2-2 キャラメイク2
結局まったりすることを選んだ。
別にトッププレイヤーを目指しているわけでもないし、このゲームは友達に誘われてやりはじめたけれど、それまで乗り気じゃなかったのだ。『ゲームは遊びじゃない!』と言う人達もいるけれど、それはその人のプレイスタイルでいいと思う。自分の場合は、ここでまったりするのも楽しいかな、とそう思っただけだ。

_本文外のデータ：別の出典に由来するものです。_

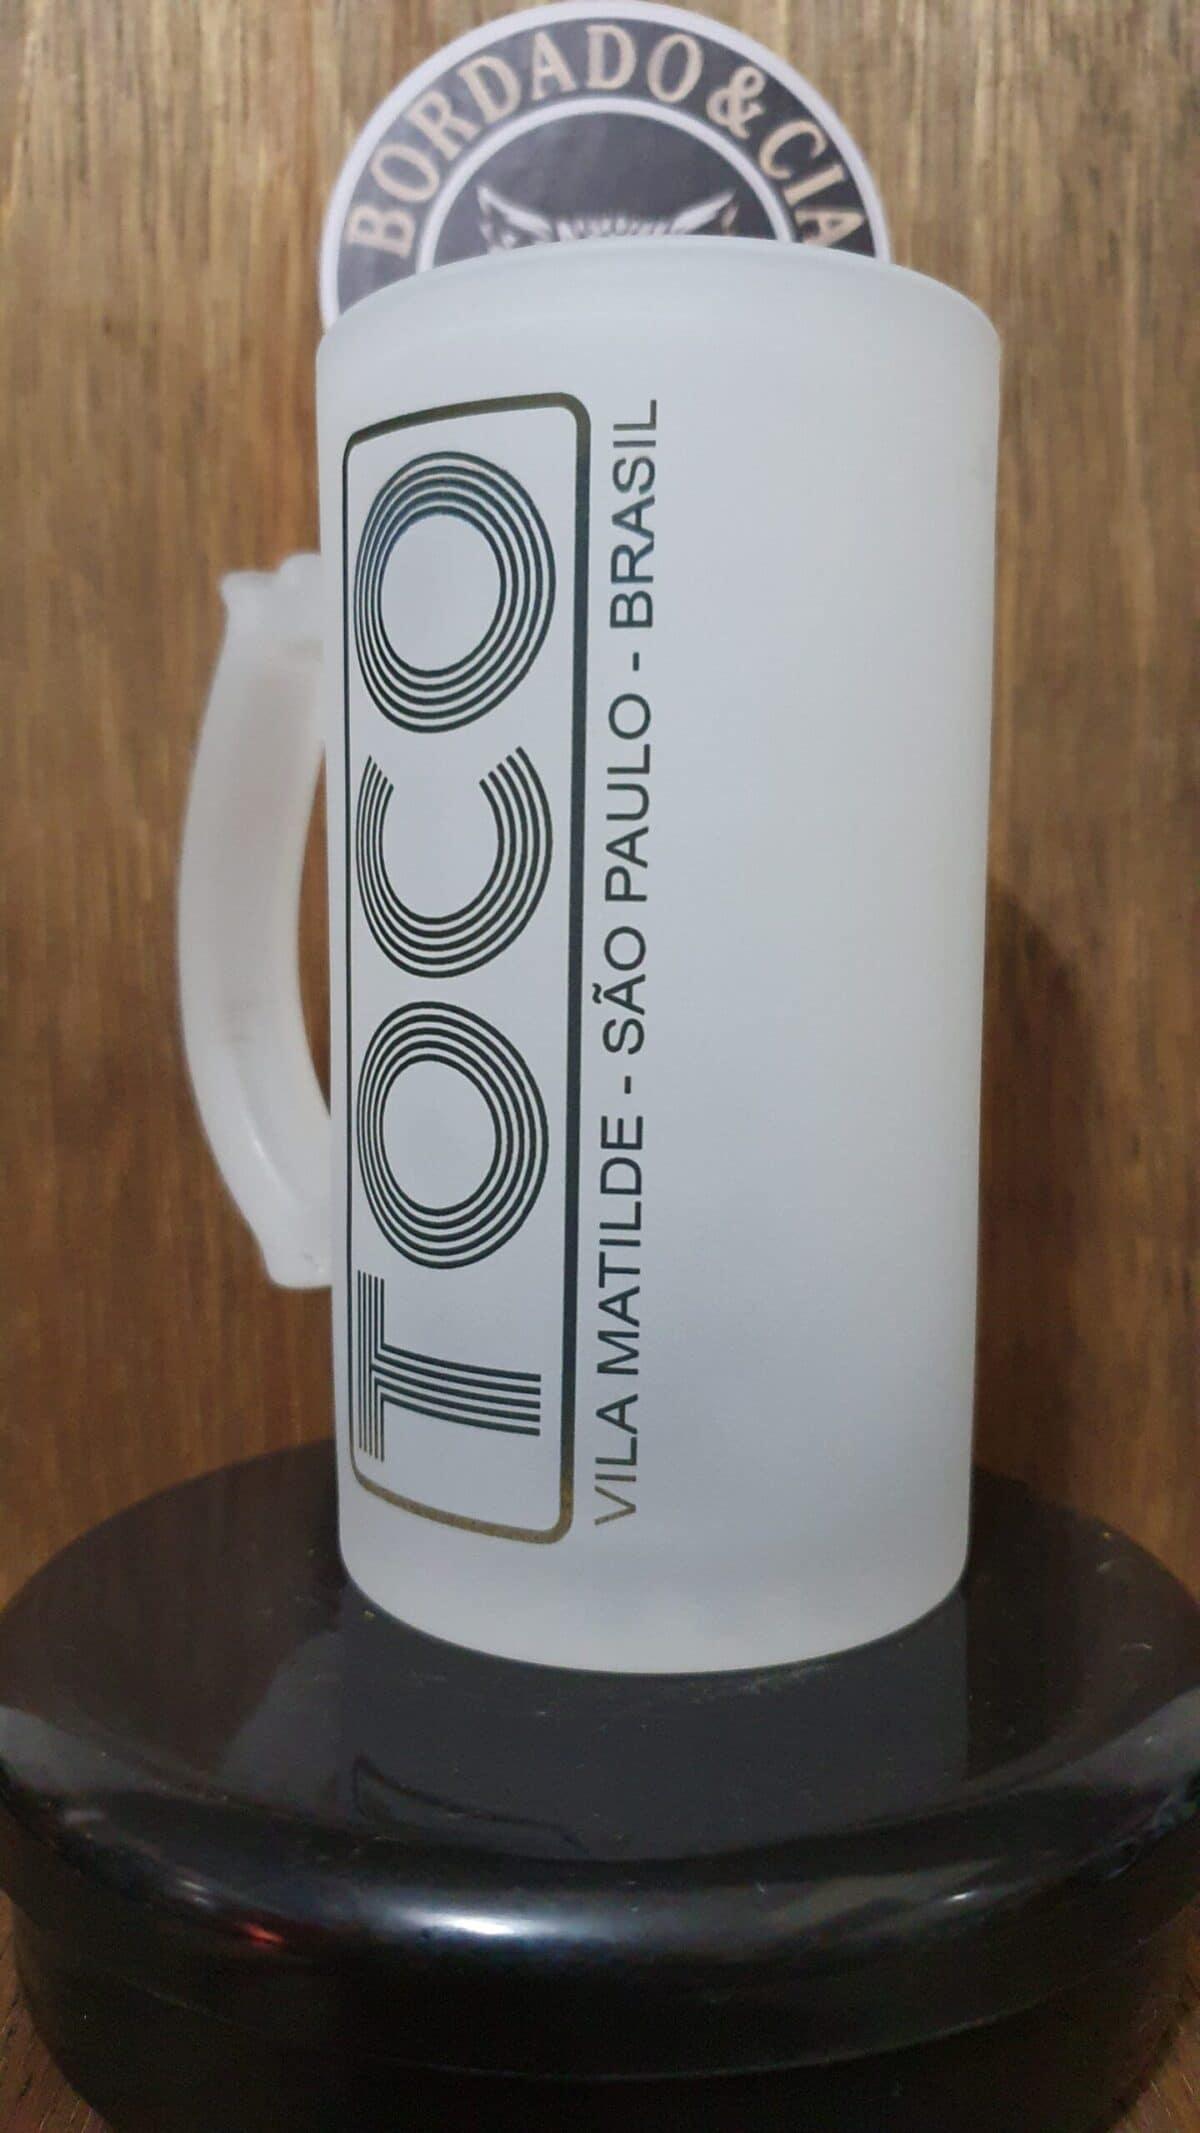 Caneca de Chopp Oficial da Danceteria TOCO by Bordado & Cia - @bordado.cia; @dj.vadao; @tocodance; #danceteriatoco

キャラクーメイクの謎の転生部屋よろしい謎の真っ白空間で、さらに白い椅子と白いテーブルで温かい紅茶をストレートでいただきながらお茶をしているゲーマーがかつて居ただろうか。いやない。
というか、VRMMOゲーム自体が世界で初めてなので無いはずだ。医療用とか軍用は分からないが。
あたたかな湯気を出す紅茶は、今まで現実で飲んだことのないくらい良い香りと爽やかな味がした。紅茶は渋みが苦手だったが、この紅茶は渋みが少なく、色も自分が知っている紅茶とは違い薄い色をしている。これも現実にあるものなのだろうか。物凄く味覚の再現度も高いことがうかがえる。
温かさにどこかホッとしたんだろう。余計な事も考えだしたので、今は種族について考えることにする。
半分見た現在、まとめると①人族 ②古代族 ③水棲族 ④人工遺物族 ⑤小人族 だった。このゲームに明確なジョブ縛りや役割分けがあるかは疑問だが攻撃職にしてDPSを出したい。メモ帳に順番に書いていくと、普通のメモ帳と遜色がなくてまた驚く。これは現実とVRの区別がつきにくくて大丈夫かなと思ってしまう。ただ、一つ違うのが万年筆みたいなペンなので少し書きづらい。書き慣れていないだけで紙は普通のメモ帳だった。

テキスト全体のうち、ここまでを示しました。